Если бы все в жизни на первый взгляд не противоречило здравому смыслу, то, очевидно, не было бы потребности в науке, ибо все было бы ясно и ничего не надо бы было изучать.
114
Ожегов С. И. Словарь русского языка. М.: Гос. изд-во иностр. и нац. словарей, 1949.
Два века назад любой англичанин счел бы за парадокс предположение, что пар, который он ежедневно видит над своим чаем, может двигать вагоны с сидящими в них джентльменами.
Каждый из нас хоть раз в жизни, а некоторые даже и два, пережил это странное ощущение, когда на наших глазах осуществлялось нечто, что еще накануне казалось совершенно противоречащим здравому смыслу.
Не правда ли?
Слово «парадокс» Пушкин употребляет четыре раза [115] .
115
Словарь языка Пушкина. М.: Гос. изд-во иностр. и нац. словарей. М., 1959. Т. 3.
Анна Ахматова в своих напечатанных произведениях не употребила ни разу.
Несмотря на это, проблема парадокса в ее жизни и литературной судьбе играет важную роль.
Парадокс Анны Ахматовой заключается в том, что ее главная тема — отверженная любовь, т. е. одиночество, — определена историей, которая в нашем сознании связана с огромным количеством людей и событий.

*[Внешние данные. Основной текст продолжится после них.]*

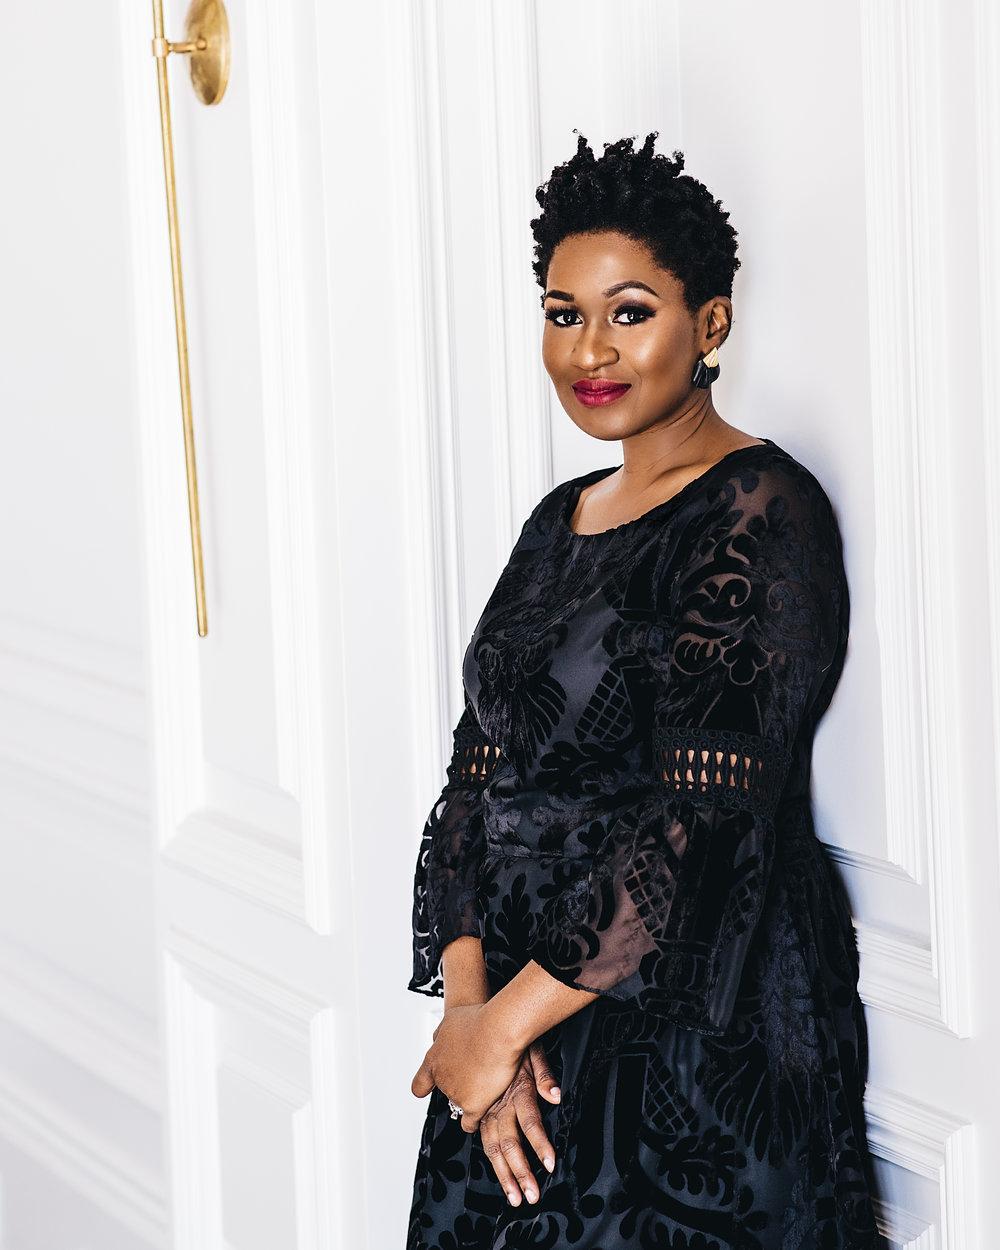 Jacqueline Nwobu

История для Анны Ахматовой играет роль не только как детерминанта ее творческой судьбы, а как действующее лицо ее произведений.
Следует иметь в виду, что это действующее лицо из эпизодических.

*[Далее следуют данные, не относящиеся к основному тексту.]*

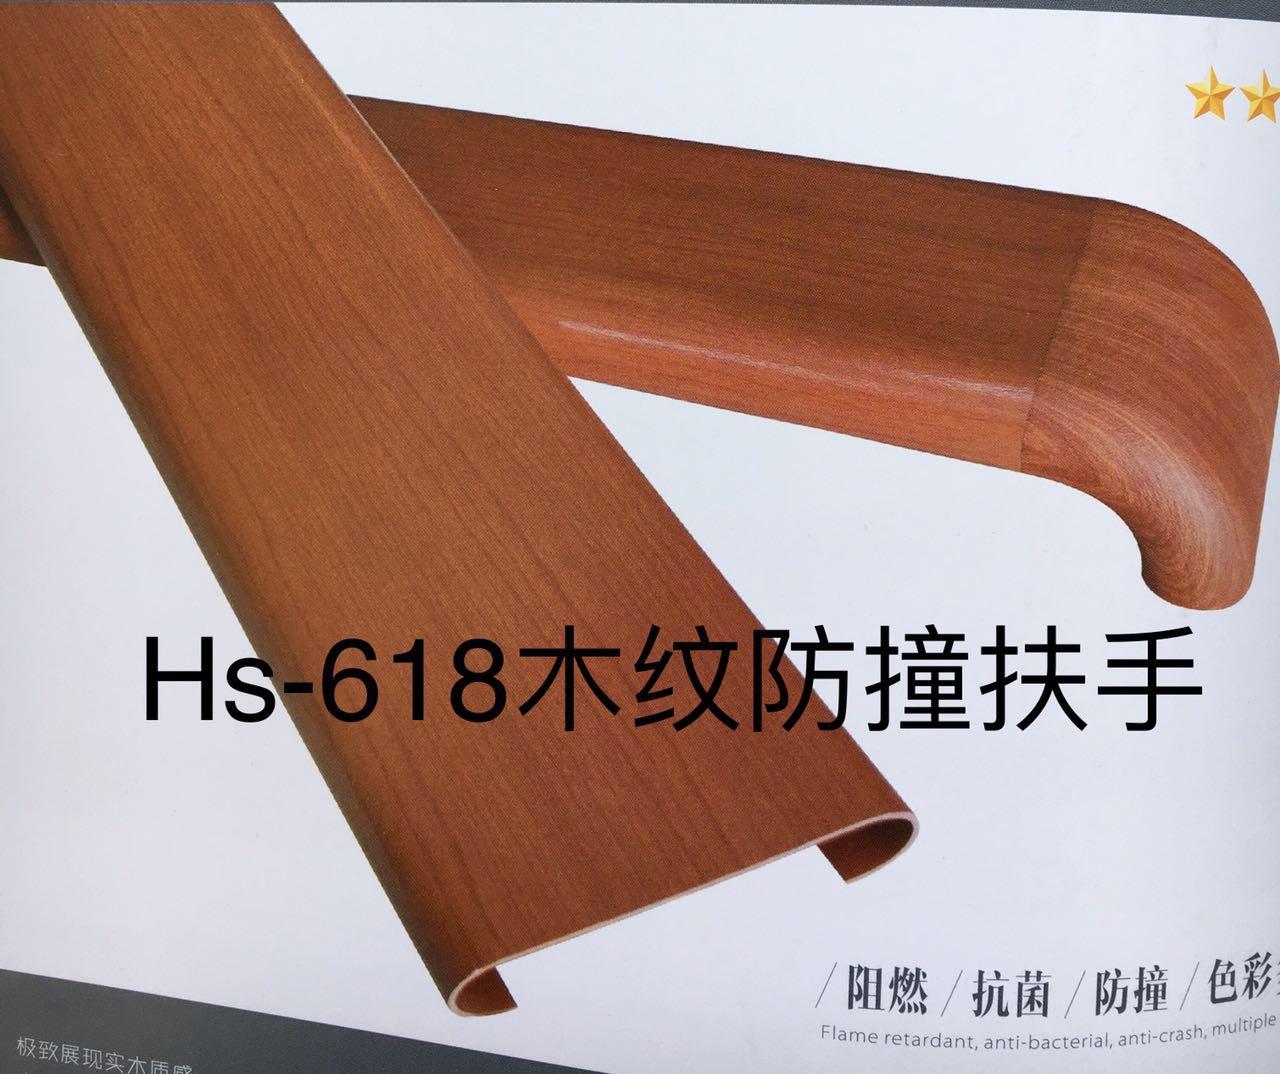 Hs-618木纹防撞扶手

Но значение этого эпизодического героя часто бывает решающим. Это известно из театра: приходит вестник с двумя репликами, и две реплики меняют судьбы Мироздания.
У Анны Ахматовой эпизодический герой — история — решает ее судьбу.
Дай мне долгие годы недуга, Задыханья, бессонницу, жар, Отыми и ребенка, и друга, И таинственный песенный дар. Так томлюсь за твоей литургией После стольких томительных дней, Чтобы туча над скорбной Россией Стала облаком в славе лучей [116] .116
Стихотворение «Молитва». — Примеч. ред.